A new water management strategy for the pharmaceutical industry.

Our relationships with water are set to change significantly under the effects of environmental, regulatory and economic constraints. In this context, the new water efficiency strategy, with its main focus on actions targeting causes rather than simply dealing with consequences, will improve our industrial and environmental performance in terms of water use, the aim being to consume less, produce better and waste less. This article presents the main concepts and a few case histories demonstrating the application of this strategy.

1. Context and challenges
1.1 An inevitable water transition
Water usages were developed in a context in which water was perceived to be inexhaustible, unchangeable and practically free, something which is obviously not the case. Quite the contrary, in fact. Water use is set to become increasingly restricted and expensive, due to climate change and climate-related events, population growth and increased urbanization and widespread pollution. On a global level, this will lead to a water transition, in the same way as we are witnessing an energy transition.

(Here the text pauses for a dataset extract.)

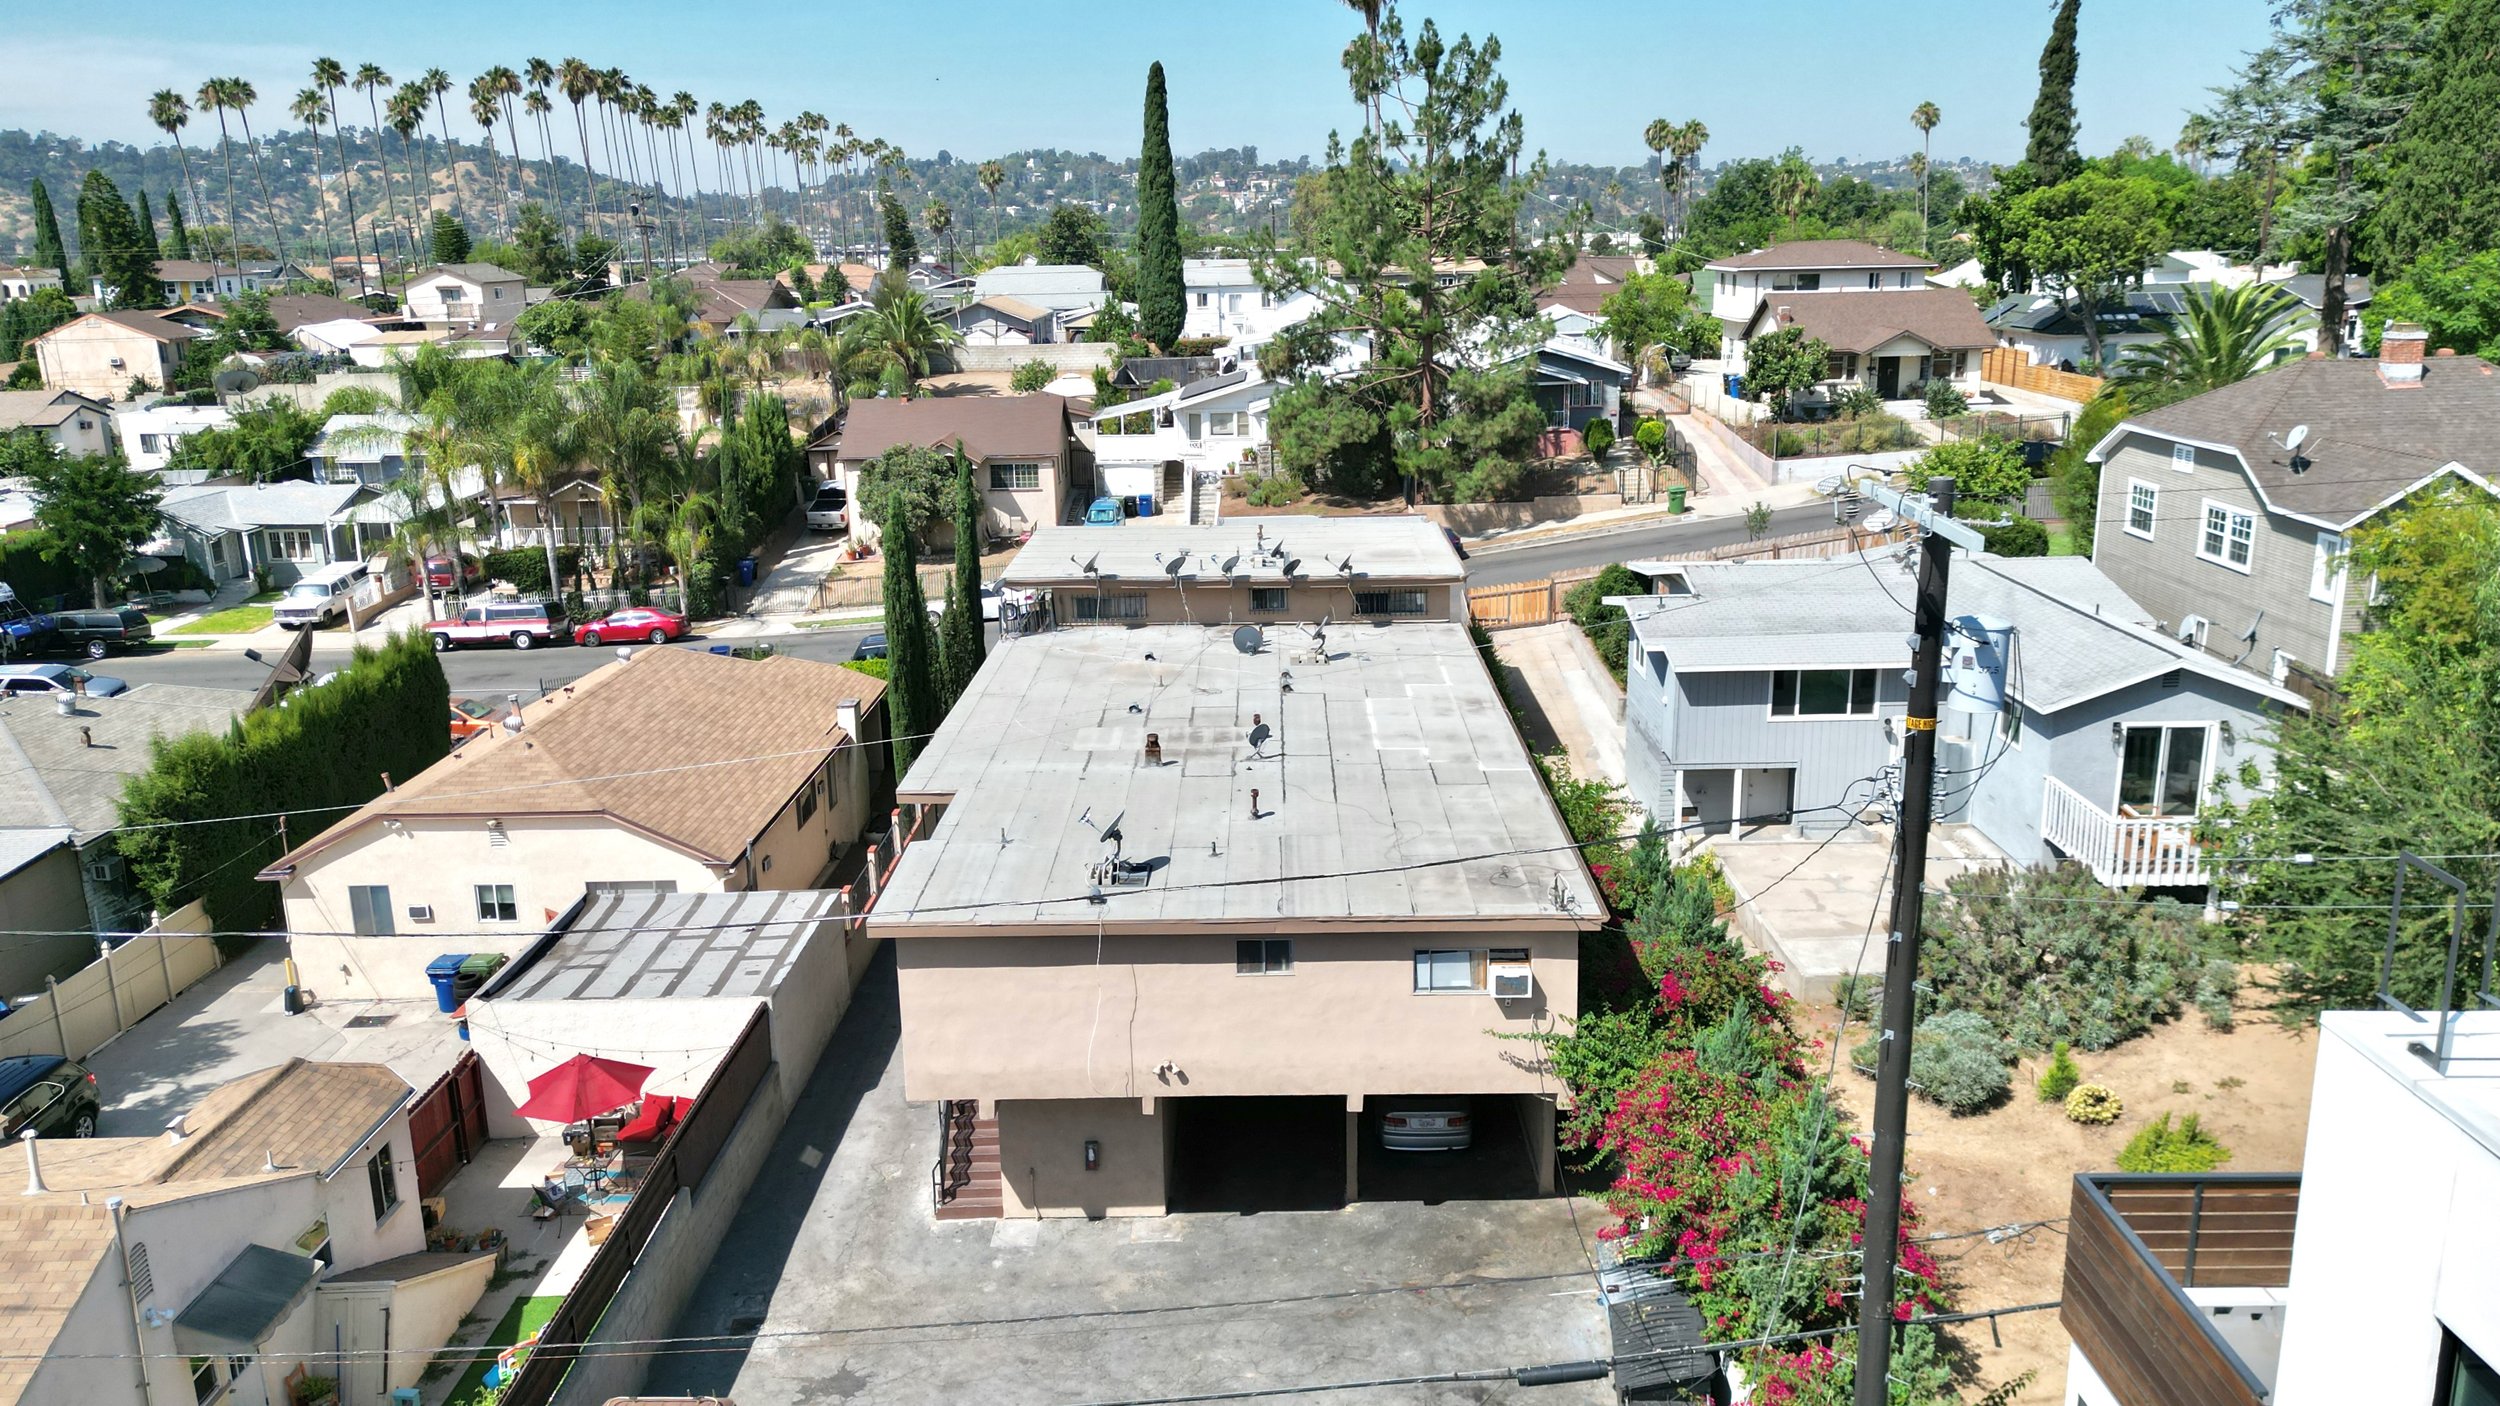 Elevated view of a neighborhood with houses, palm trees, and hills in the background.

According to the MacKinsey report(1) , by 2030, in the absence of any change in our water use, the available supply will only cover 60% of requirements. Overcoming this challenge will require a substantial effort, particularly since this a global figure: the gap to be closed on a local level (geographic and/or seasonal) will be even greater. Moreover; if the expected shortfall reaches 40% in 2030, this means that it has actually already begun. This inevitable transition will not only affect zones already prone to drought; it will have an impact throughout the world. For example, the French Senate’s report entitled “Eau, urgence declaree” (“Water, emergency declared”), published in May 2016(2) clearly reveals the challenges facing France.
Hence our relationship with water will need to change to take into account this new reality.

 

1.2 The real cost of water in industry: direct and indirect costs (figure 2)
Where industry is concerned, another factor will contribute to the change in this relationship: its cost. Today, water is wrongly considered to be inexpensive because its cost is generally only perceived via the direct “visible” costs, i.e. its costs as a commodity (e.g. €/m3 consumed; taxes and fees associated with waste volumes and quality).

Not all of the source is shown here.